# Good DSPAM howto for Gentoo?

## mariourk

Does anyone know a good dspam howto for Gentoo?

I've been struggling with dspam for a while now, following various howto's. However,

it seems the emails aren't being put throught dspam and reinjected in postfix. When I send a test mail,

I see no X-DSPAM headers.

Any help will be most welcome.

----------

## magic919

The current Gentoo wiki has a howto that's basically a rip of my old wiki article.  Is your install based on the same method?  If it's Postfix/DSPAM/ClamAV kind of set-up then folk here will be able to help.

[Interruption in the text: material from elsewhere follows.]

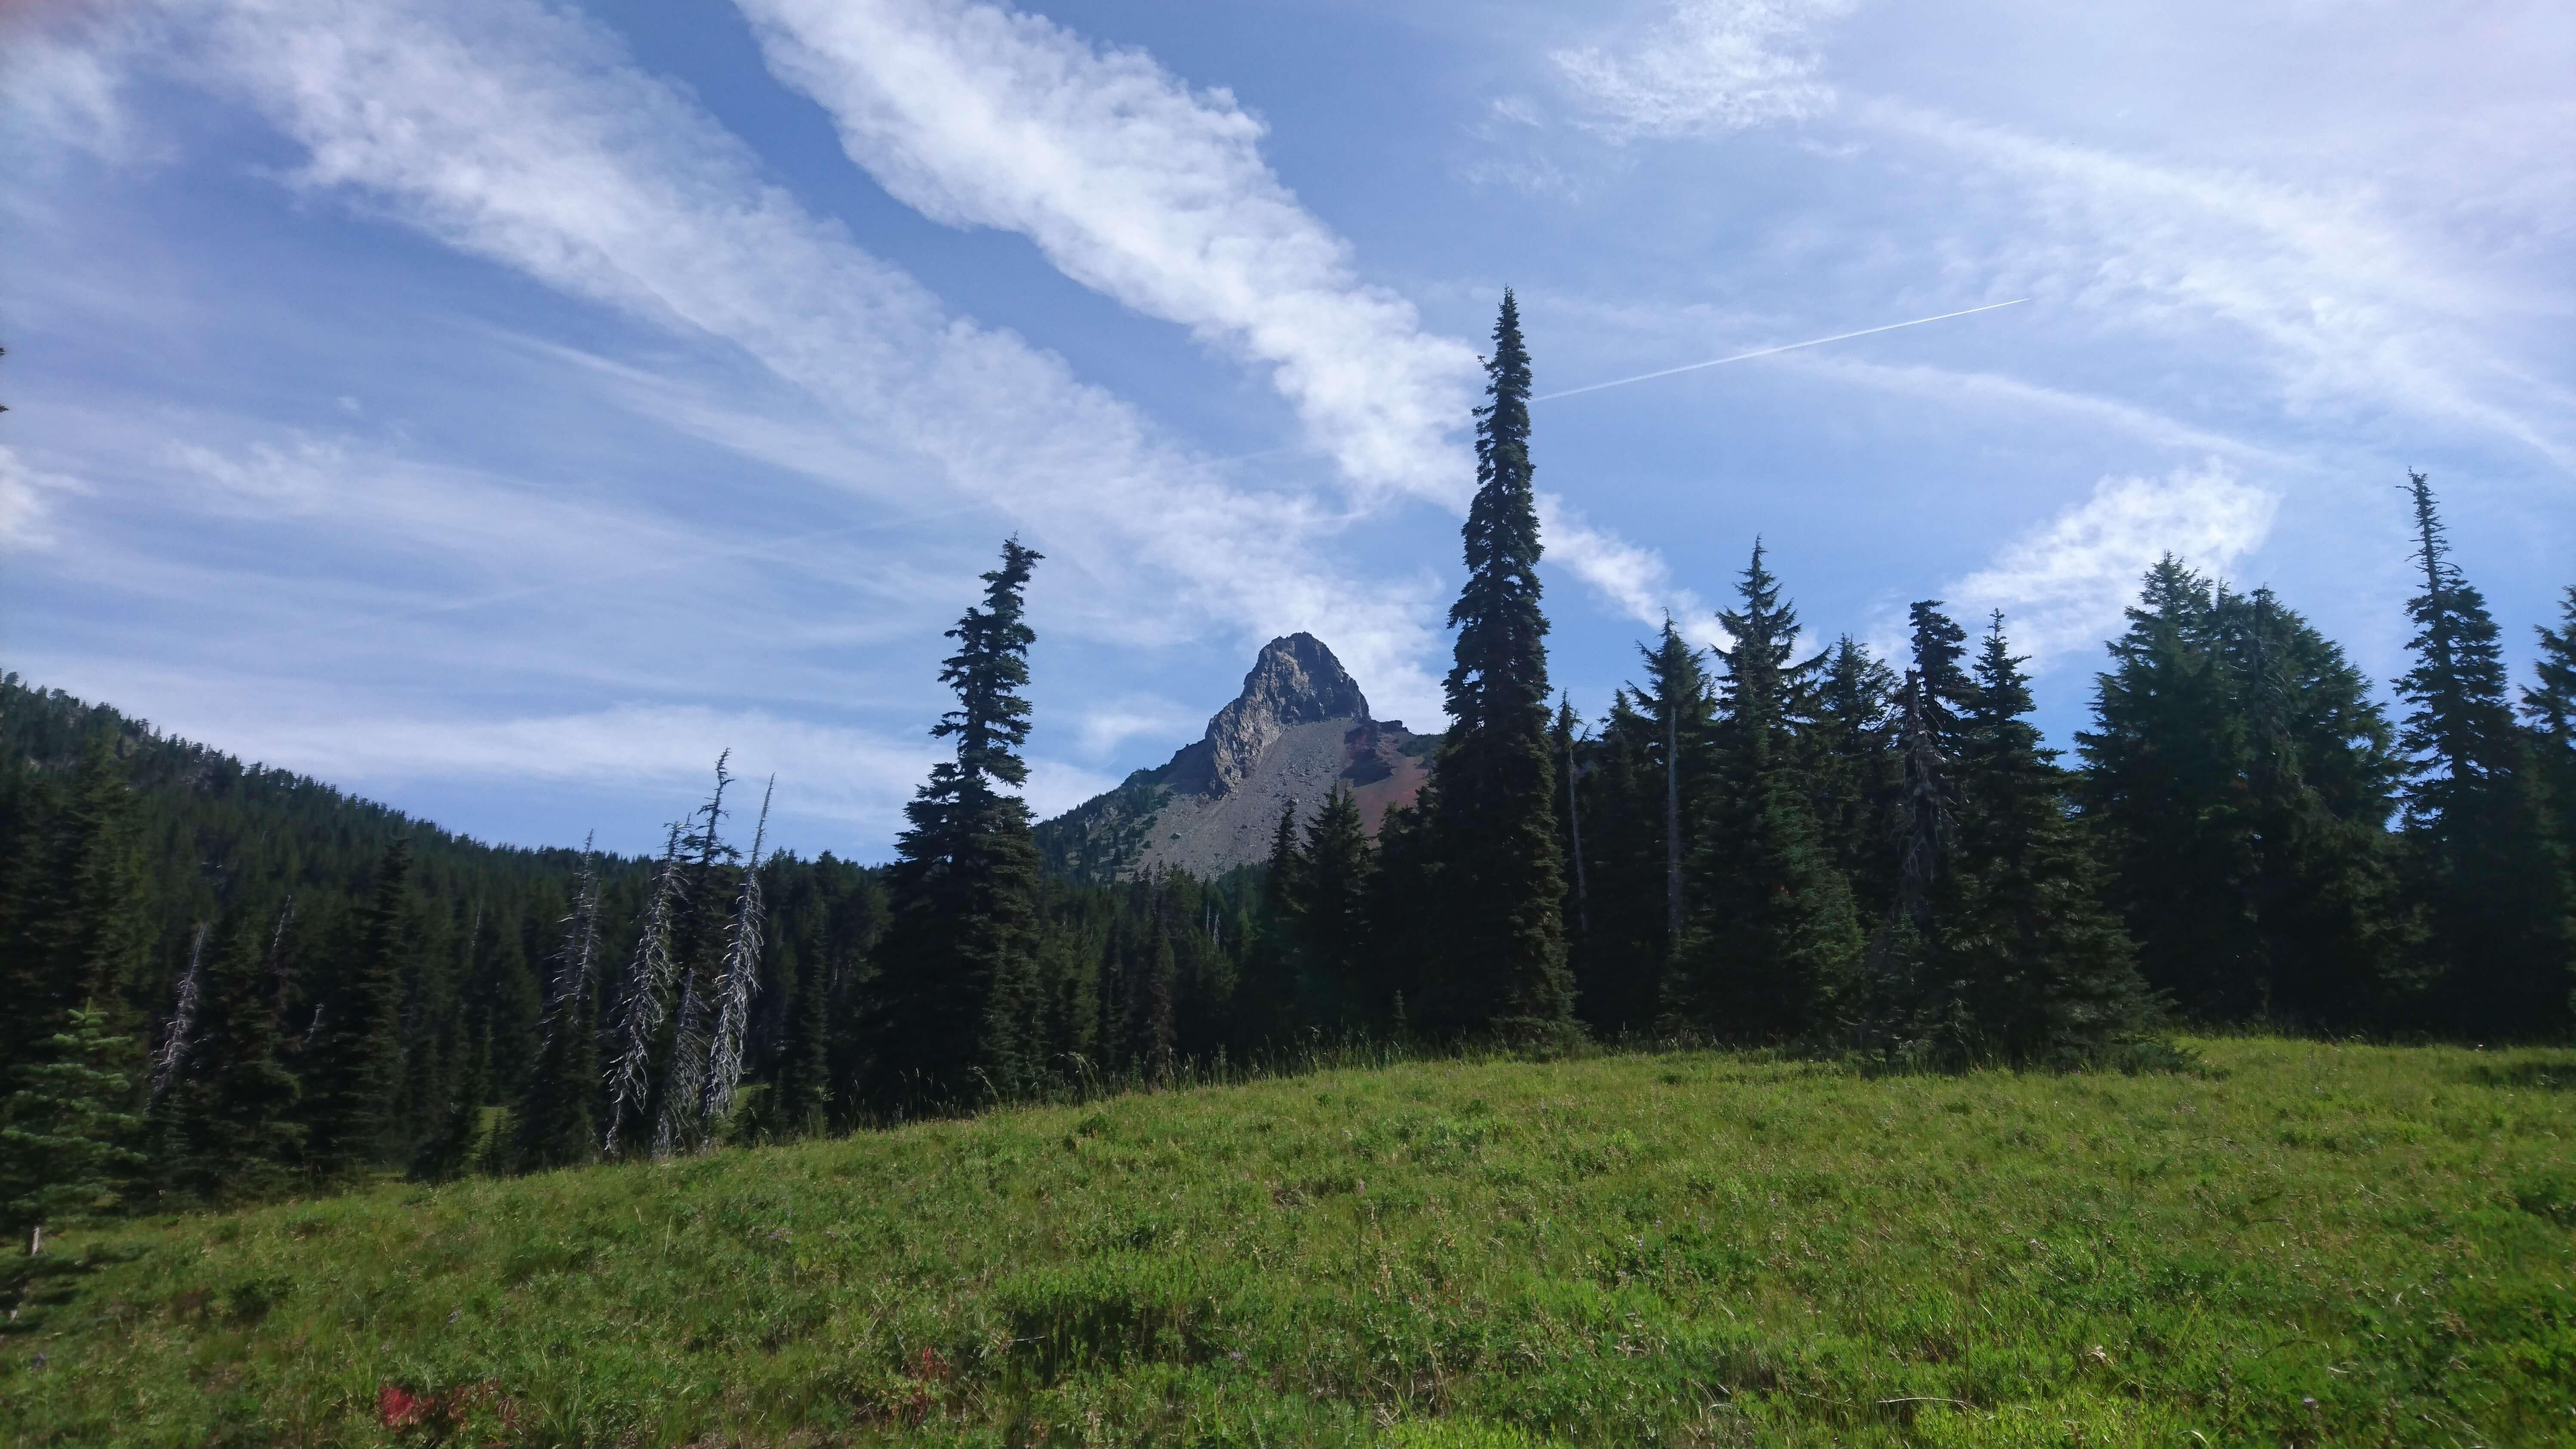 Le Mont Washington

If you are following 'my' method then bear in mind that it only scans incoming email and you won't see DSPAM headers if you email yourself from your LAN.

----------

## mariourk

All I can find is a howto that explains how to relay to another server. That is not what I'm looking for. Could you perhaps provide a link to the howto you are refering to?

----------

## magic919

That's one looks fine.  I recognise much of the text  :Smile: 

Just leave off the relaying and the transports bit and you're done.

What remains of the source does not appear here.